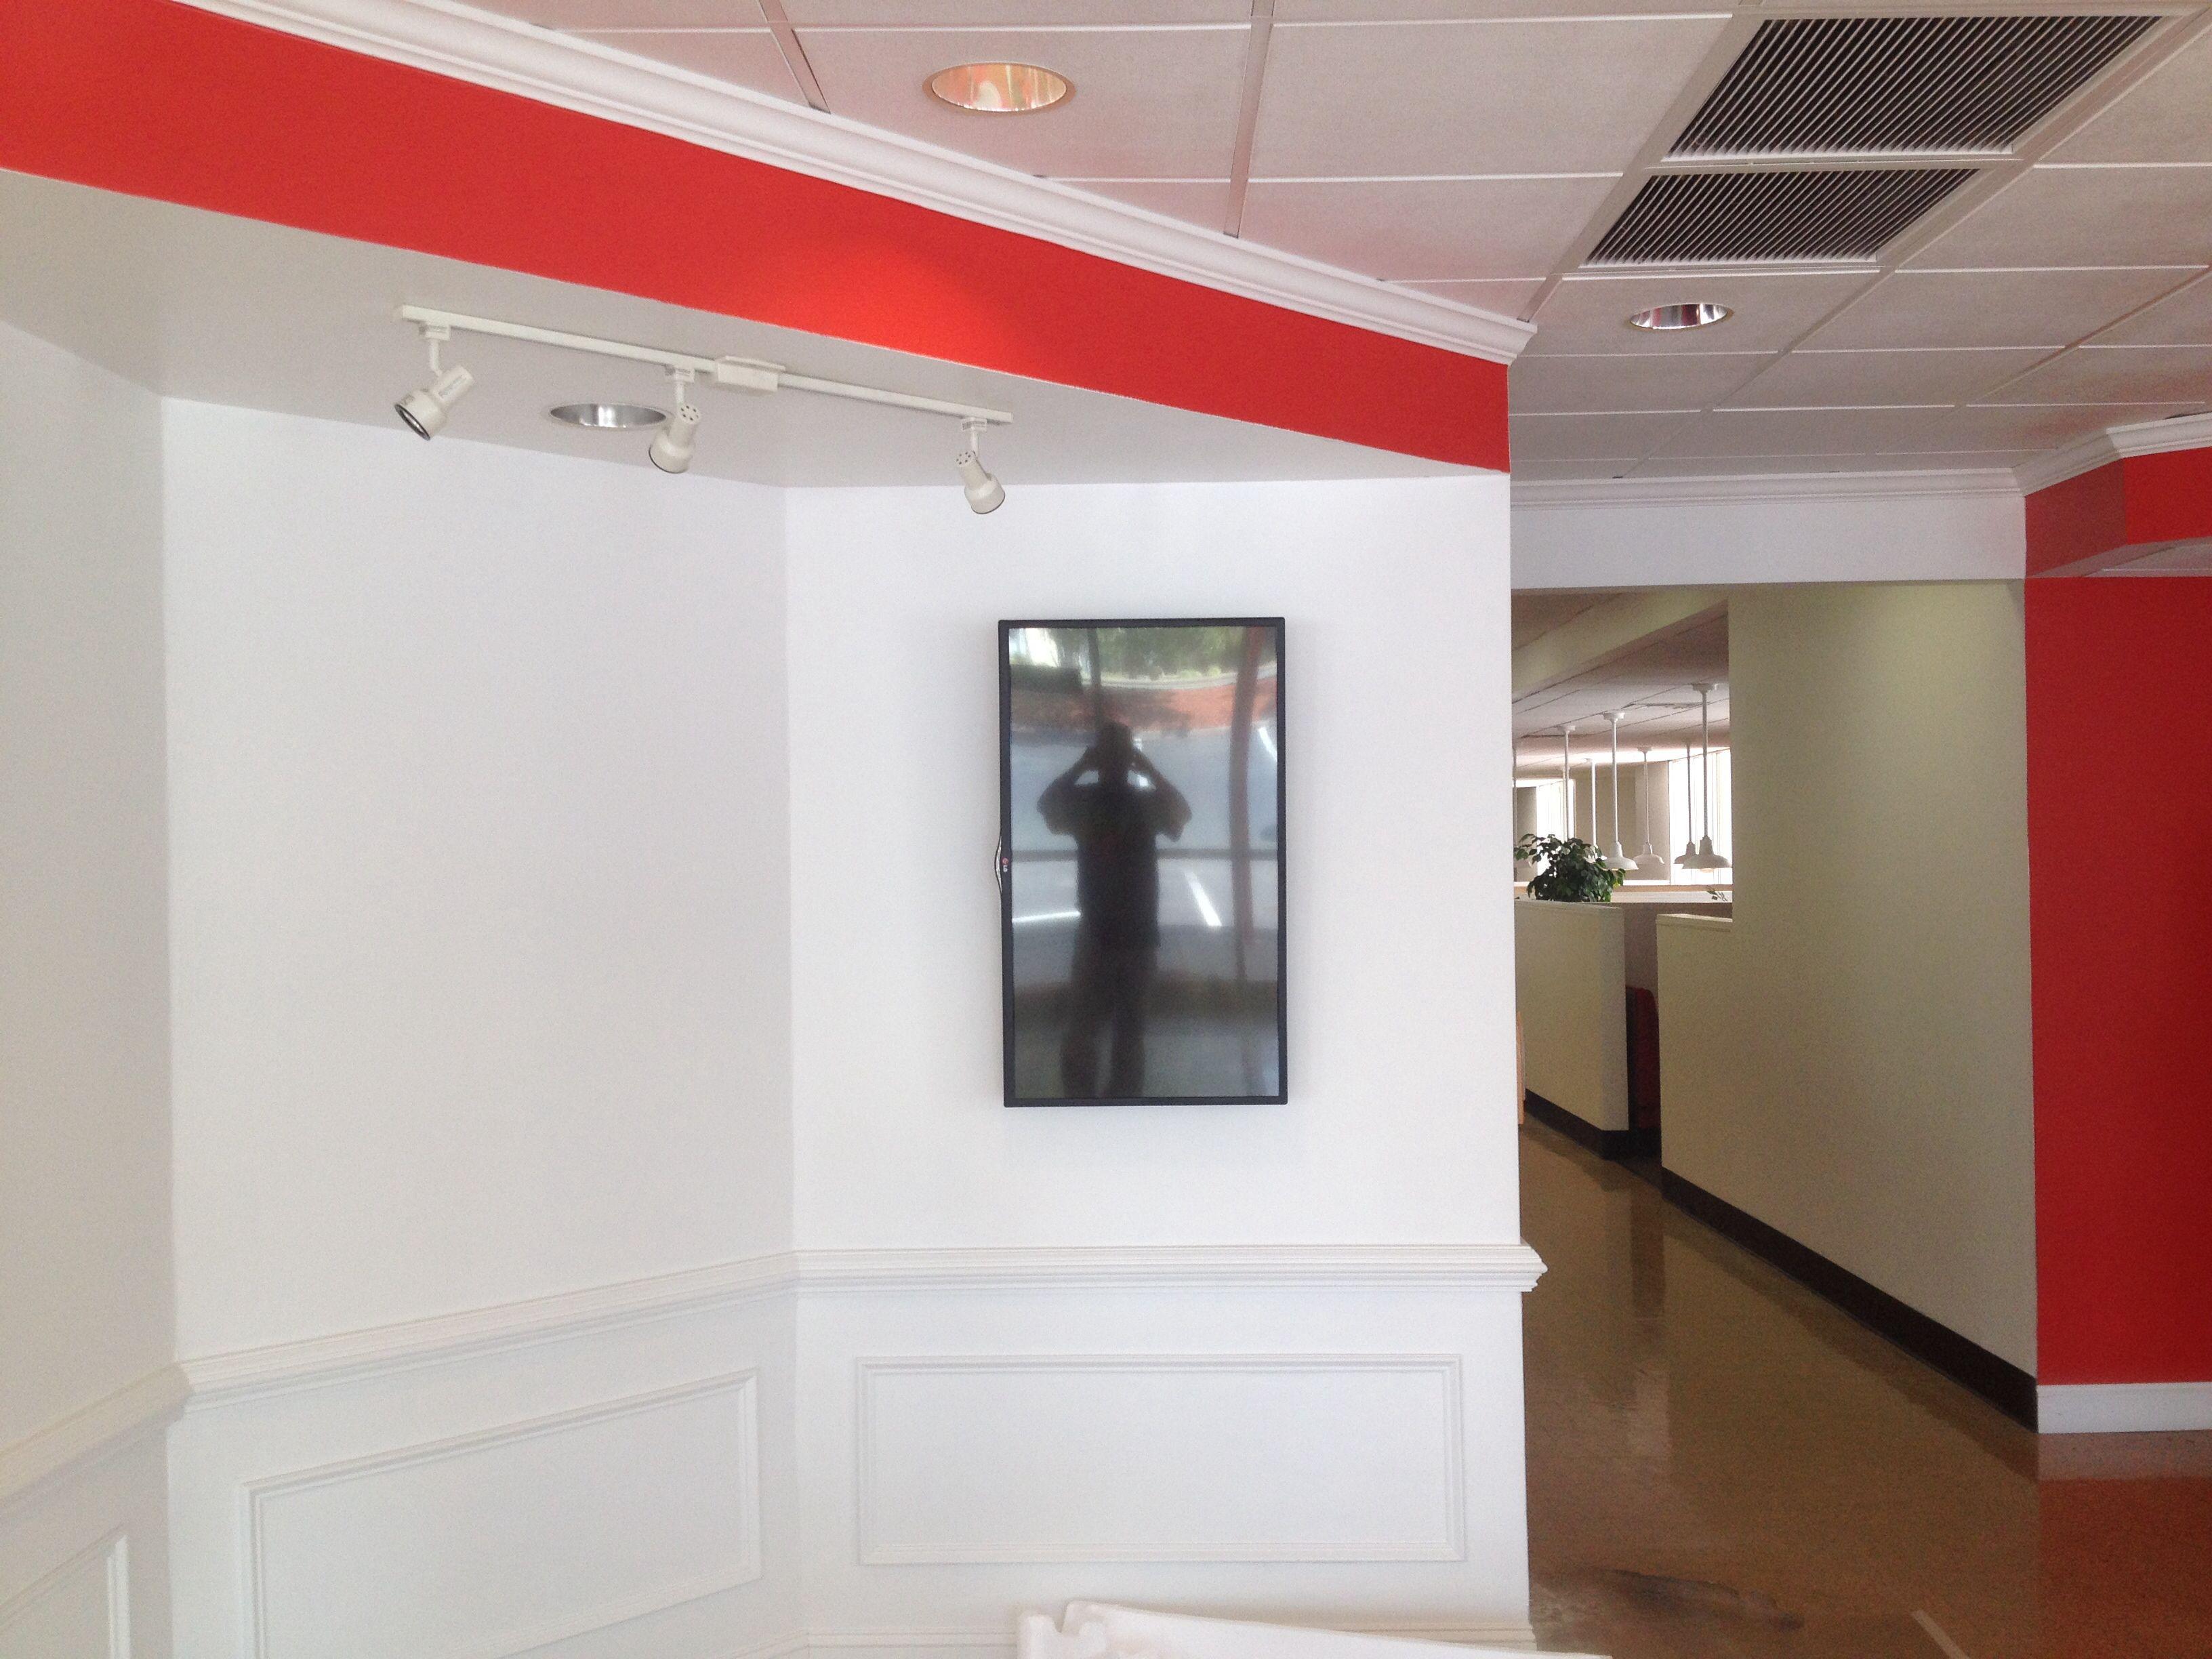 LG TV / monitor mounted sideways for restaurant menu… | Commercial
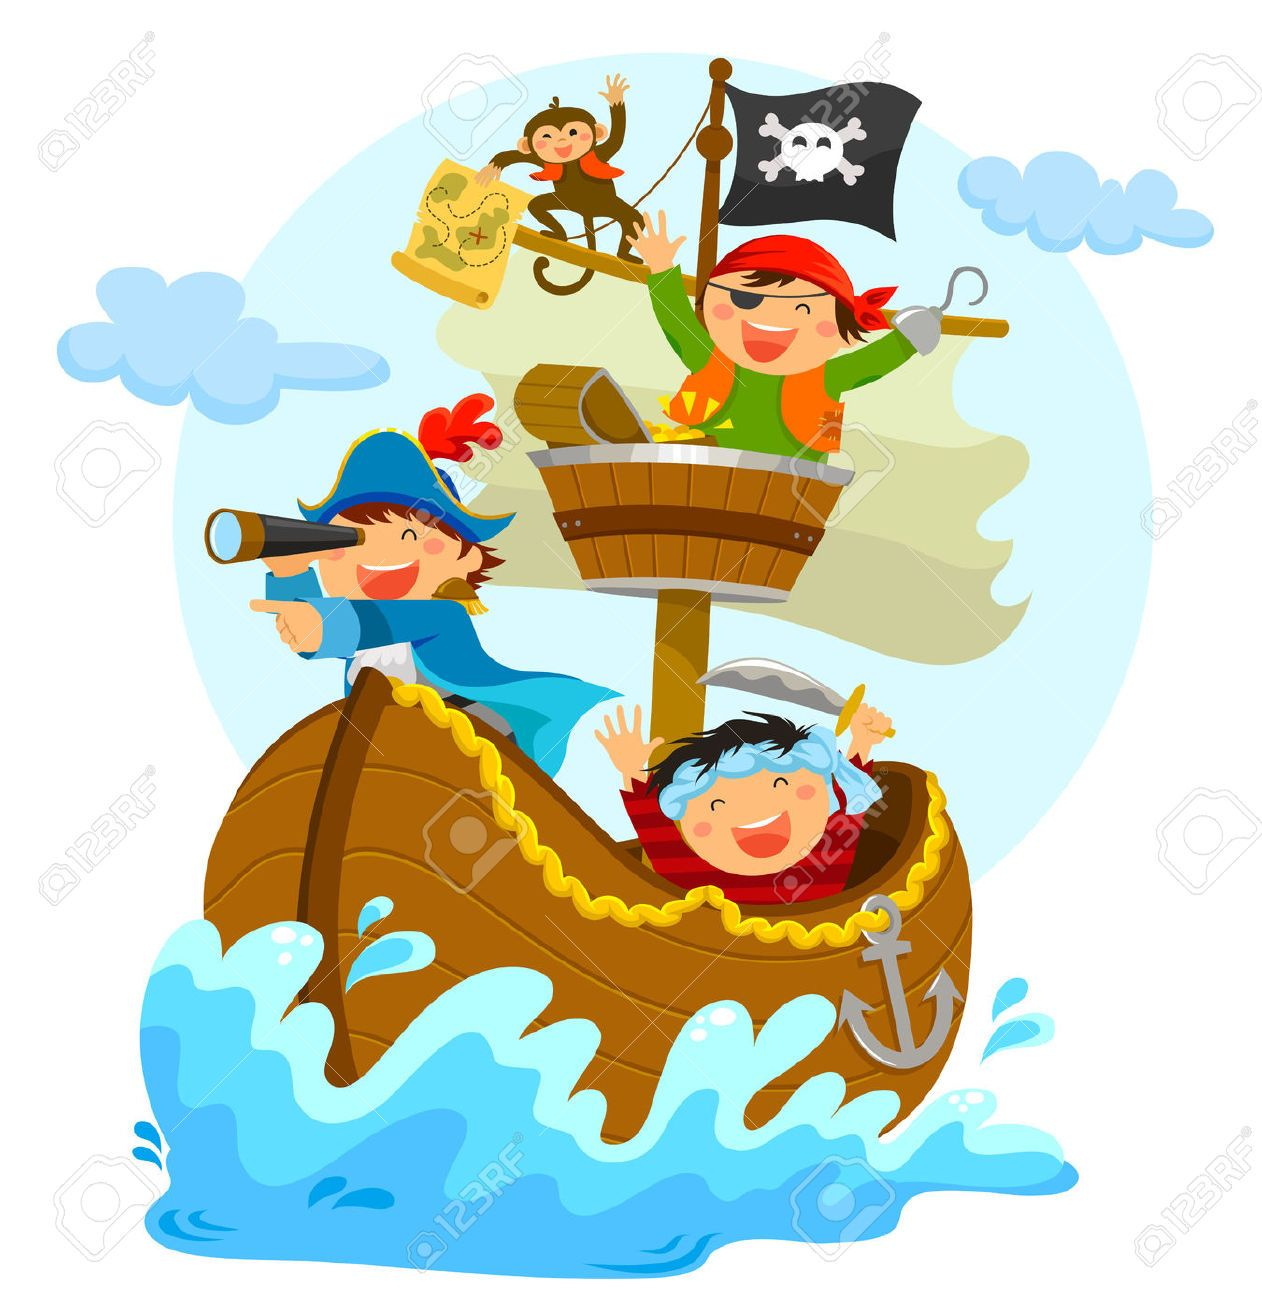 Barco pirata dibujo animado recherche google - Imagenes de barcos infantiles ...
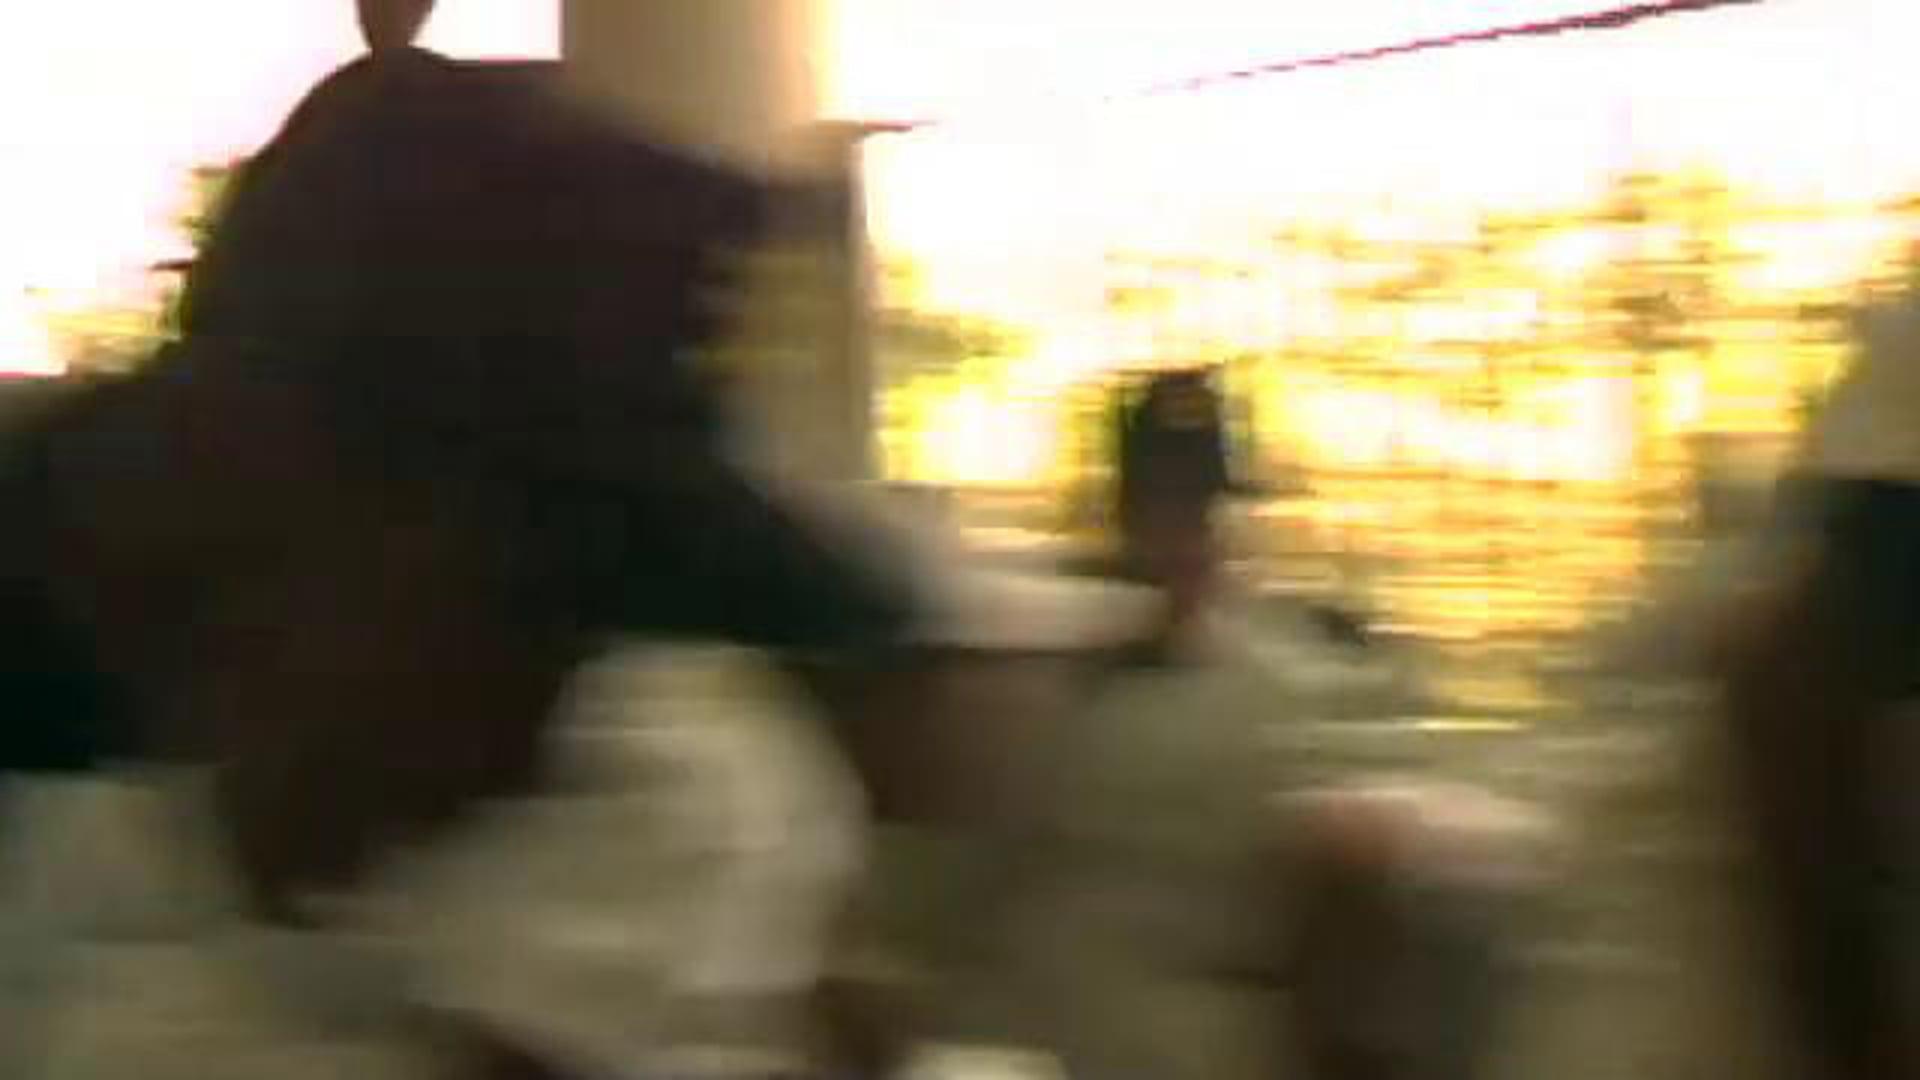 Kokoyakyu: High School Baseball - 3 minute trailer
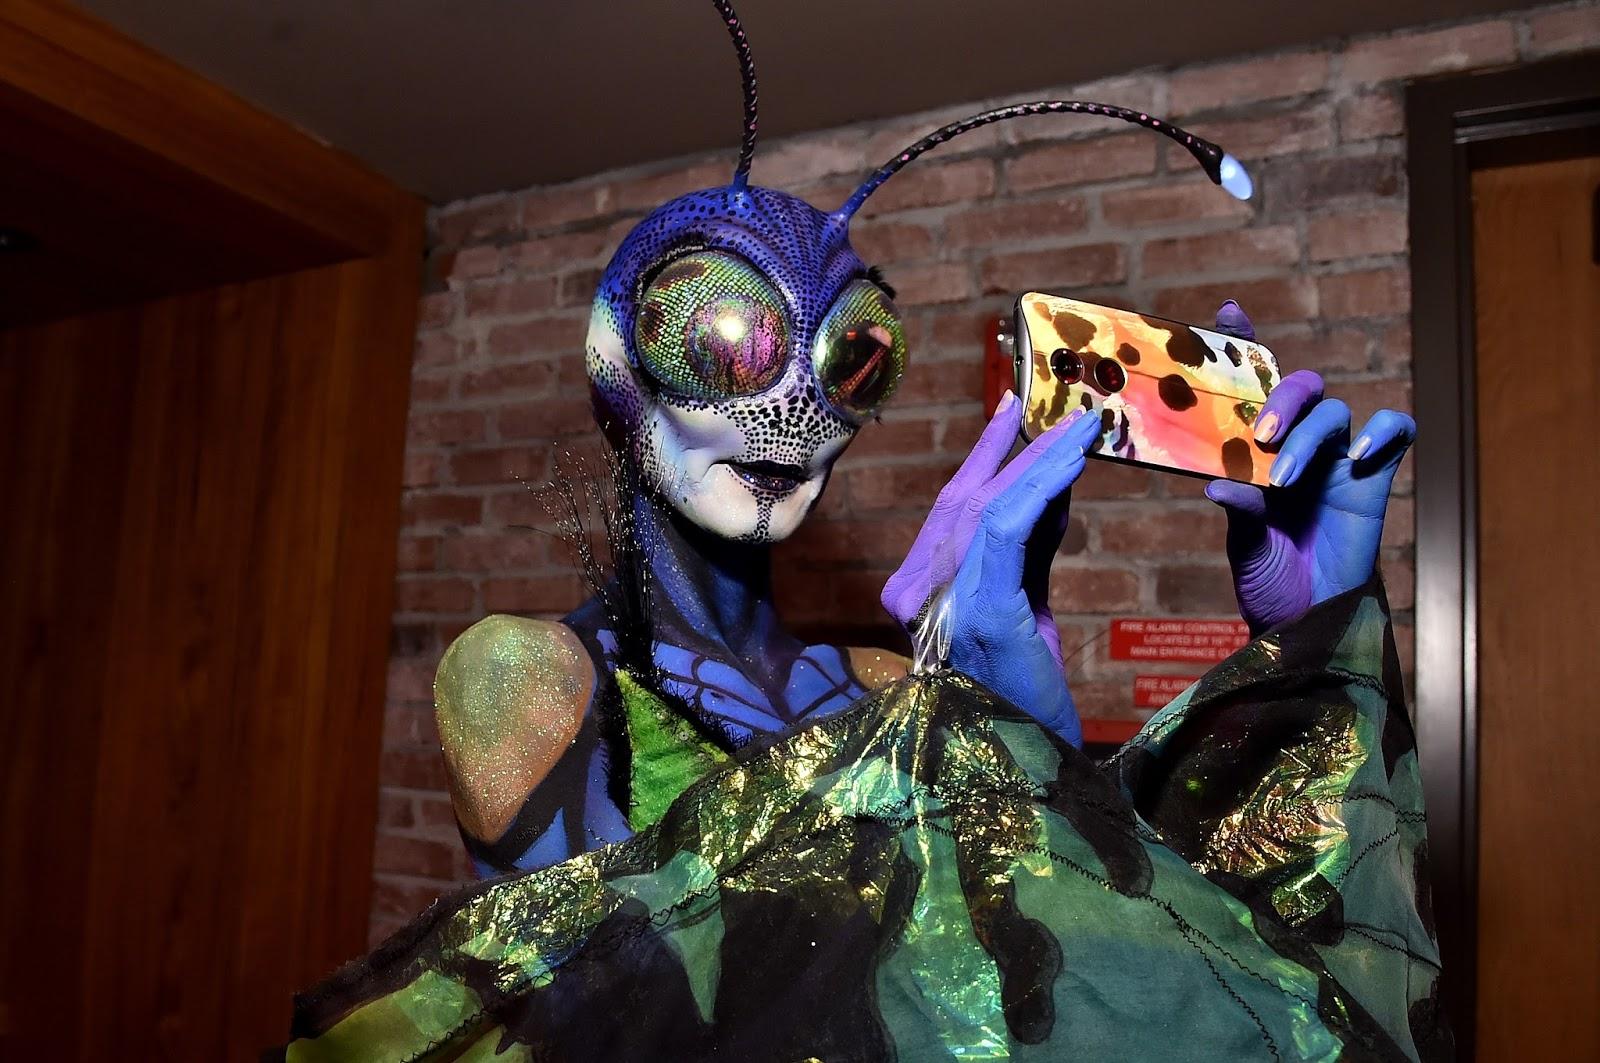 At Heidi Klum's Halloween Party

- [About this task]:
Take the listing above and retype it exactly. Its pictures are to be omitted.

- [Task output]:
 LG TV / monitor mounted sideways for restaurant menu… | Commercial
 Barco pirata dibujo animado recherche google - Imagenes de barcos infantiles ...
 Kokoyakyu: High School Baseball - 3 minute trailer
 At Heidi Klum's Halloween Party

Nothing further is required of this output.